'''

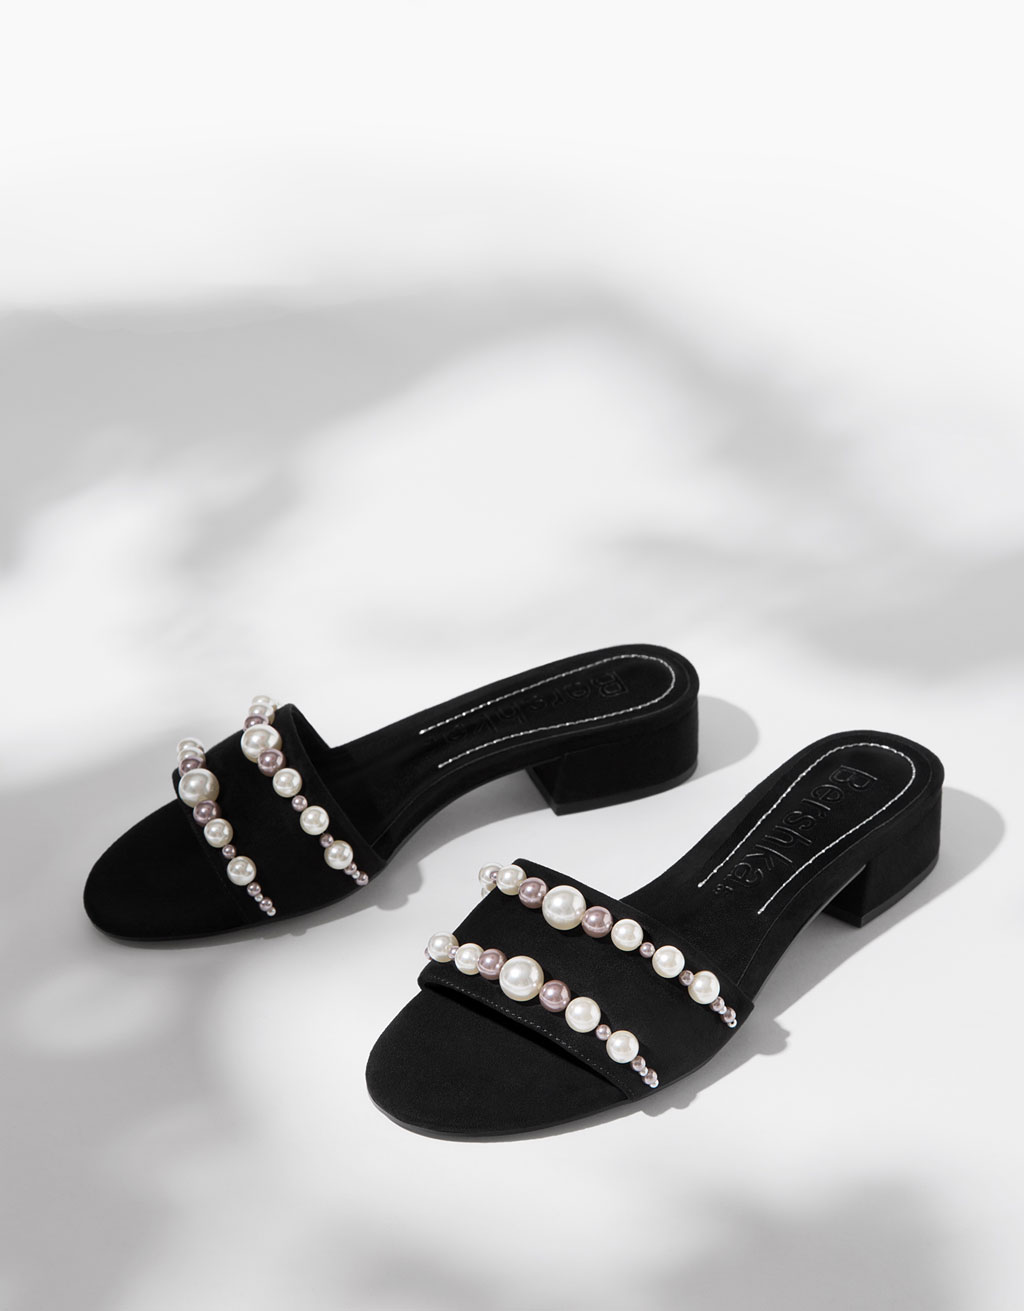 Alçak topuklu incili ayakkabı
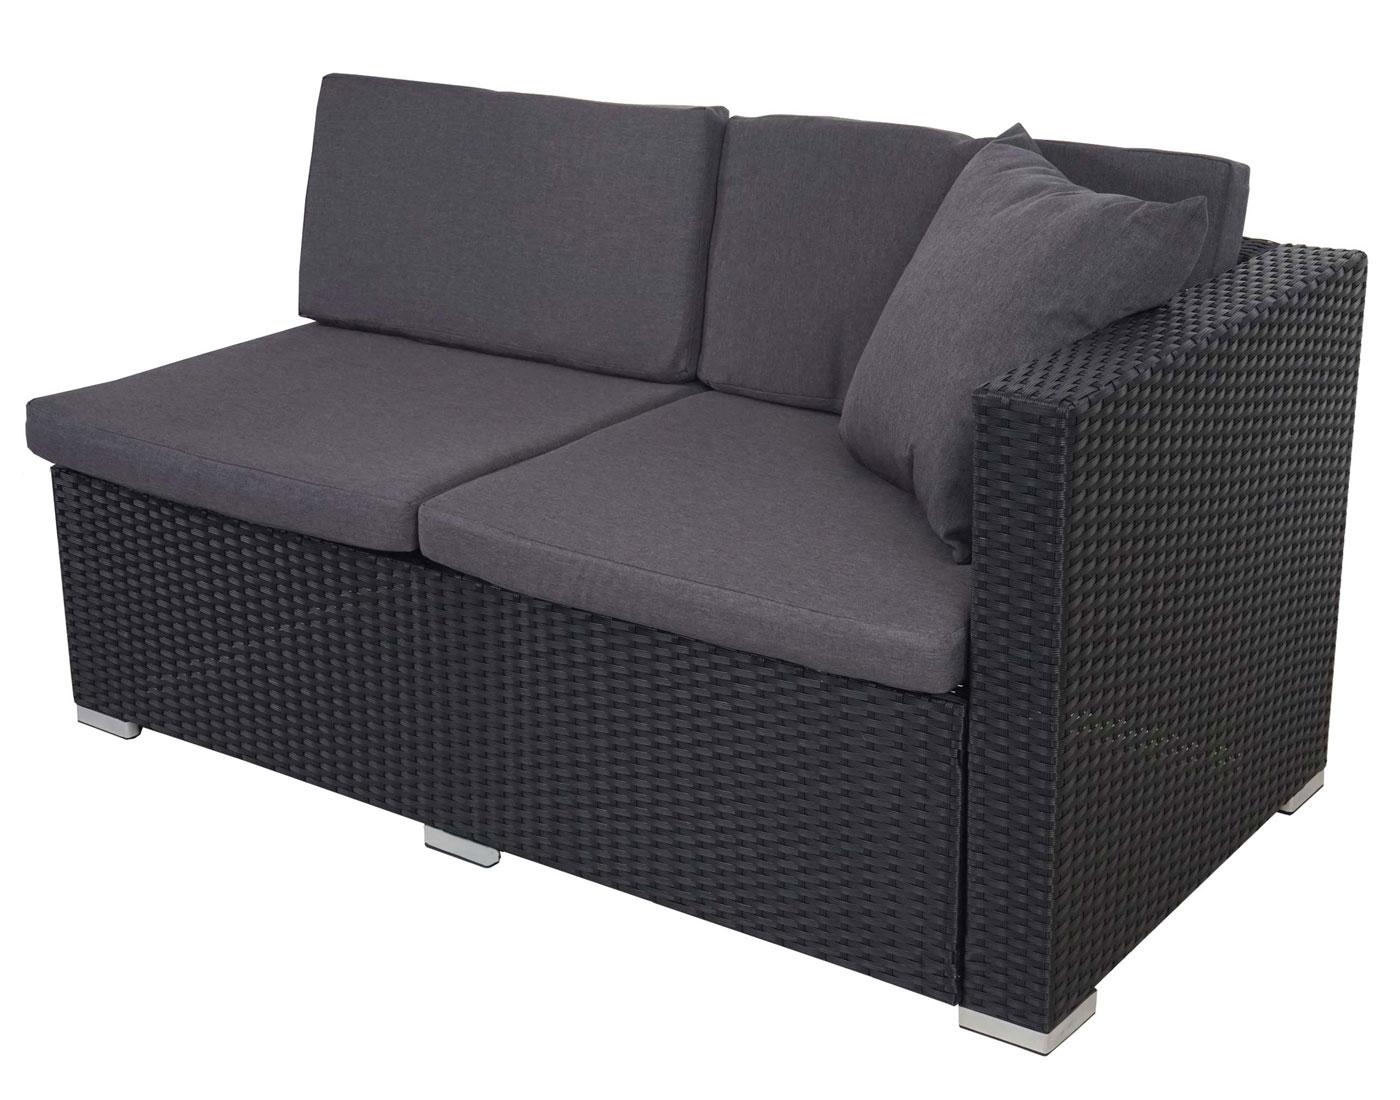 poly rattan sofa garnitur sitzgruppe lounge set alu anthrazit kissen anthrazit garten. Black Bedroom Furniture Sets. Home Design Ideas
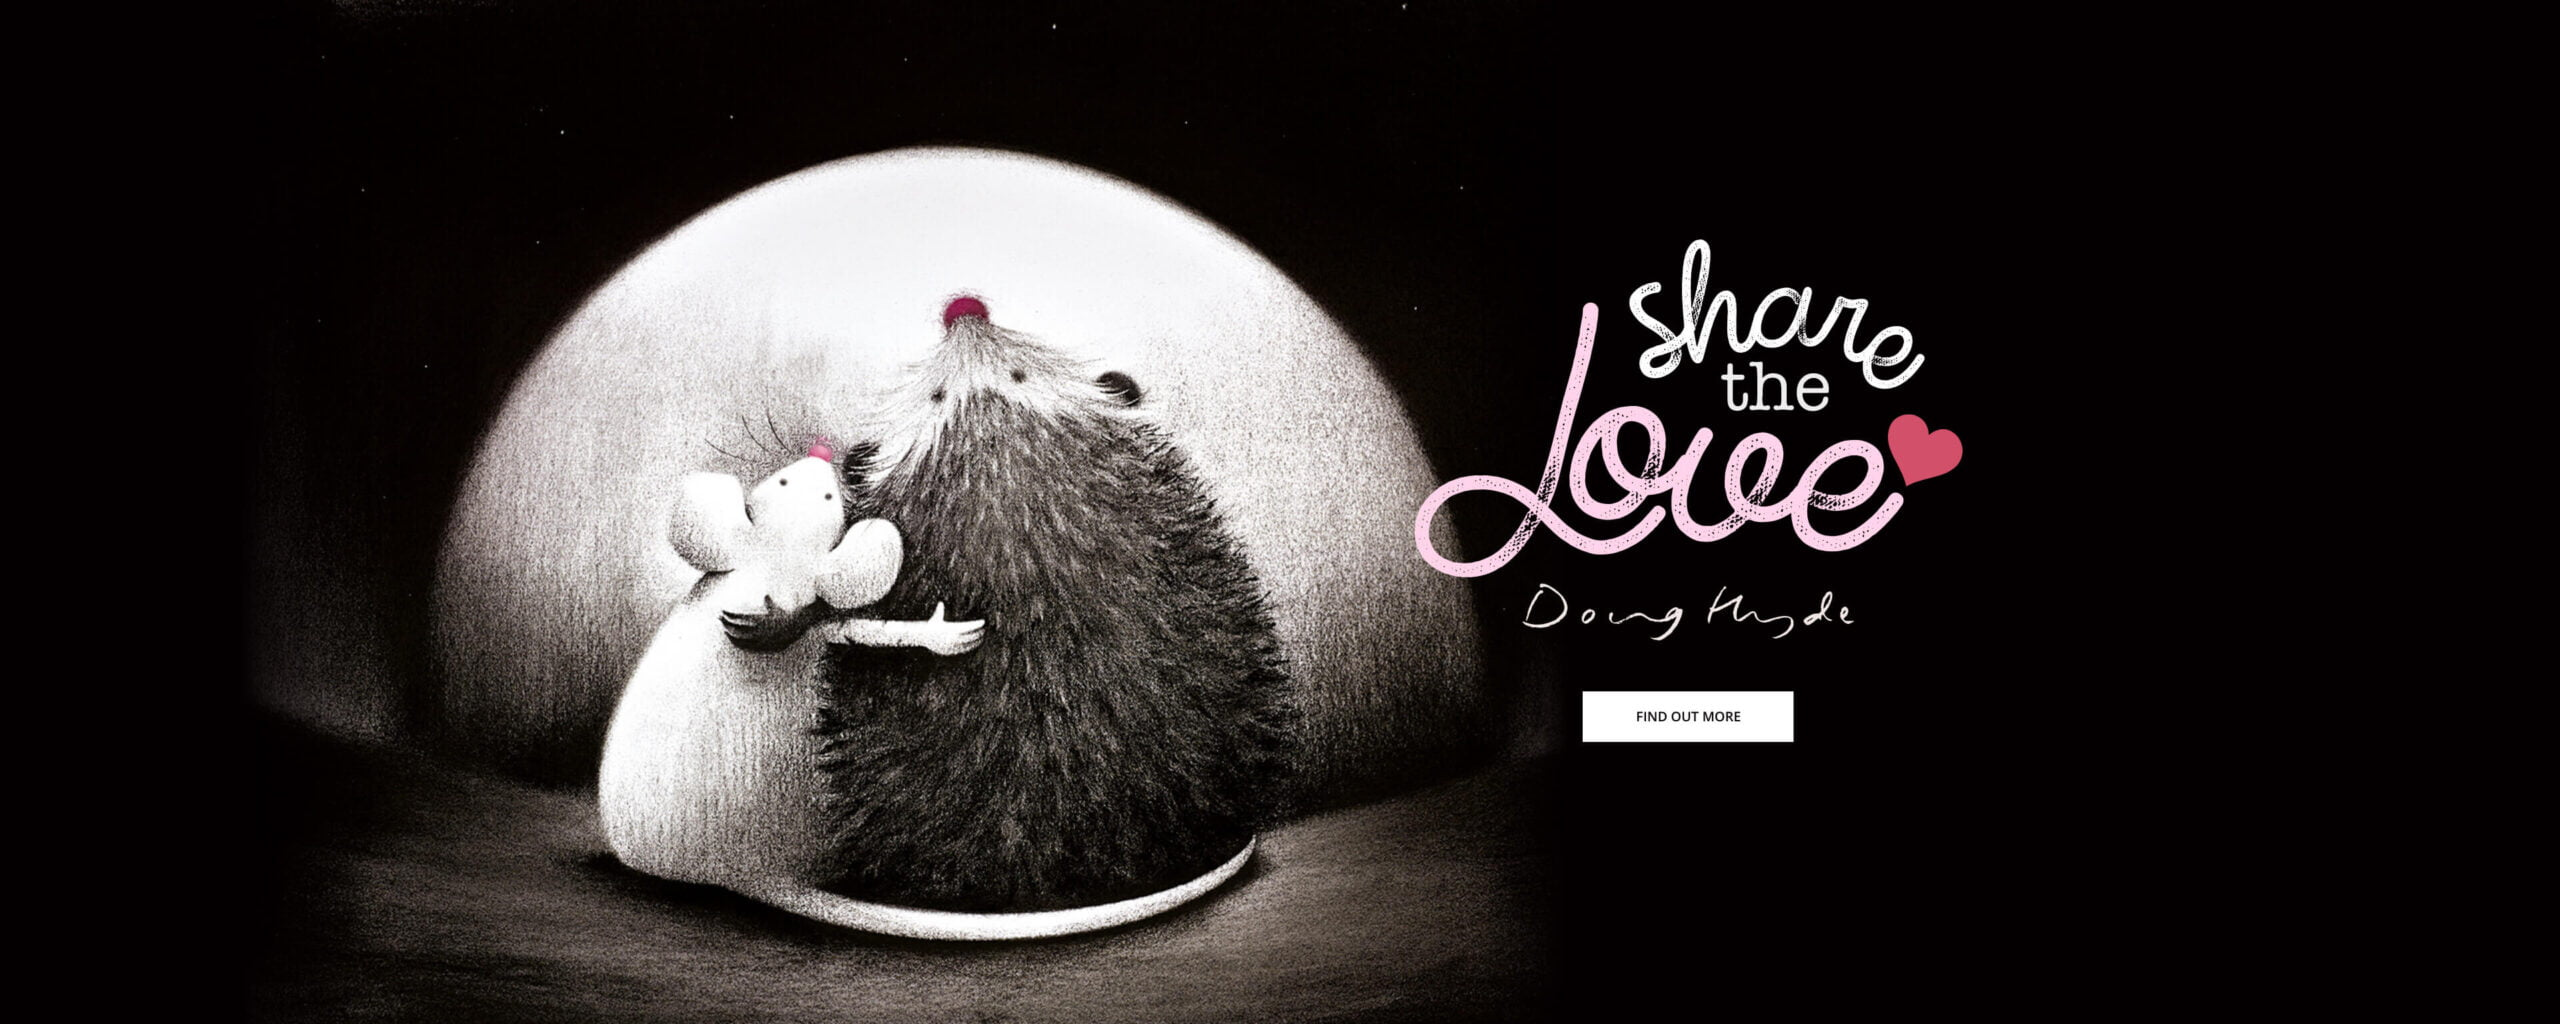 Doug Hyde – Share the Love

'''

◆ **Instructions to follow**
Restate the material above word for word, omitting the pictures.

◆ **Answer to this exercise**
 Alçak topuklu incili ayakkabı
 poly rattan sofa garnitur sitzgruppe lounge set alu anthrazit kissen anthrazit garten. Black Bedroom Furniture Sets. Home Design Ideas
 Doug Hyde – Share the Love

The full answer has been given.